Pero el caso es que las intenciones eran esas, y que el kiosco en turno era de los
circulares, de ladrillo, con un pequeño tejadillo y bancos alrededor, donde un tipo vendía
brebajes entre gritos, sudando, ya saben, apurado de un lado a otro, jadeante, le pedí un
refresquito, y me lo fui tomando poco a poco tranquilo con media nalga en el aire, y en esas
andaba, intentando olvidar el dolor de muelas de días hasta que un tatuado de greñas
comenzó a hablar

¿Qué… nuevo en el barrio?

Escuchándolo hice el gesto de brindar, sin responderle; escupiendo giró a la


izquierda,

“te vas a divertir, te vas a divertir” Murmuraba al desviar los ojos, cual si viviera
dentro de un comic lleno de charlatanes,

“Psh, psh, eh, me oiste, ehh, basura?”

Oyéndolo recordé ese cuento de Bukowski donde el narrador camina despreocupado


por la sórdida calle, hasta que por allí, desde el fondo de uno de esos edificios, una negra
potente comienza a invitarlo con la lengua desde la puerta que se recarga, eh, basurita
blanca, eh, basurita blanca, je, e incitado al revolcón lo piensa dos veces por la malacara
de un tipo detrás de las cortinas, y dejando ir la oportunidad --que no regresa--el narrador
sigue con el fluir del cuento por otros derroteros...

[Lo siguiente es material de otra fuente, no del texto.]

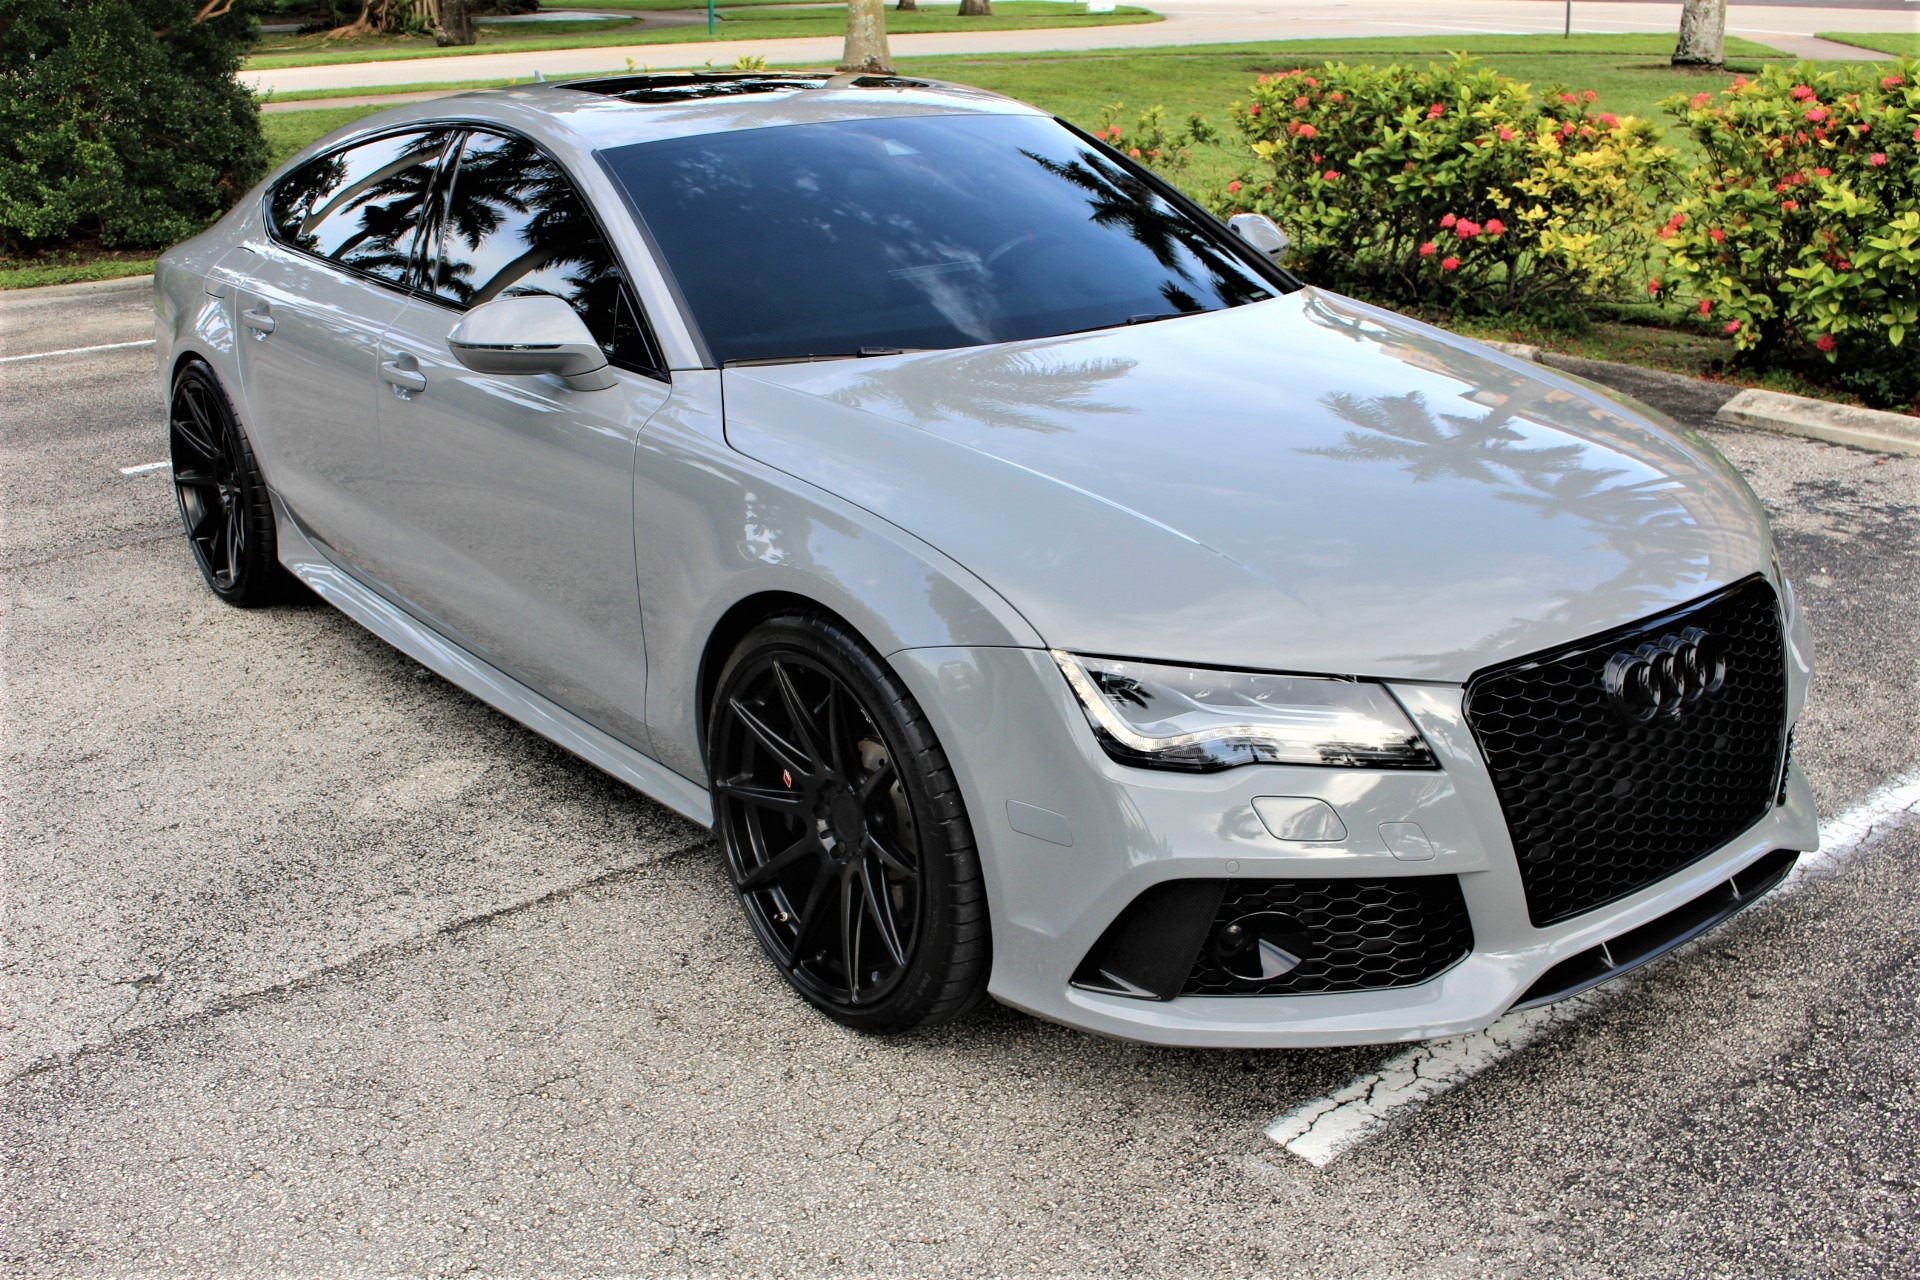 Used 2015 Audi RS 7 4.0T quattro Prestige for sale Sold at The Gables Sports Cars in Miami FL 33146 2

Ehh, ehh, psh, basura?, continuaba, por lo que tuve que preguntarle de dónde era,
buscarle los ojos cuando me perforó el dolor de muela. Un calambre como punzada de
inyección fría, una buena sobada apenas, carajo, por lo que decidí mejor marcharme a
donde iba, a buscar mi nueva dirección en esa calle de vacios balcones, ehh, psh, basura?,
entre un atardecer delirante que se perdía detrás del río.

Así que por fin llegué a ese Octavo Piso a arrumbar los bultos en la esquina. Y me
tiré por allí en posición fetal sobre unas cobijas, tratando que el sueño venciera el dolor.
Una aguja clavada en la mandíbula, una corriente de hielo, un gusano en celo, un chorro de
fiebre, hasta despertar convencido de que había que buscar un dentista.

Sobre lo que sucedió más adelante tengo sólo recuerdos difusos. Recuerdo haber
bajado por las escaleras porque el maldito ascensor no respondía. Recuerdo haberme
lanzado calle abajo, hacia el negro paisaje de la madrugada. Más no recuerdo mayor cosa.
Todo es difuso, lineal, salpicado. Semejante a ese hilillo de sangre del día siguiente --sobre
la alfombra-- cuando desperté abrumado.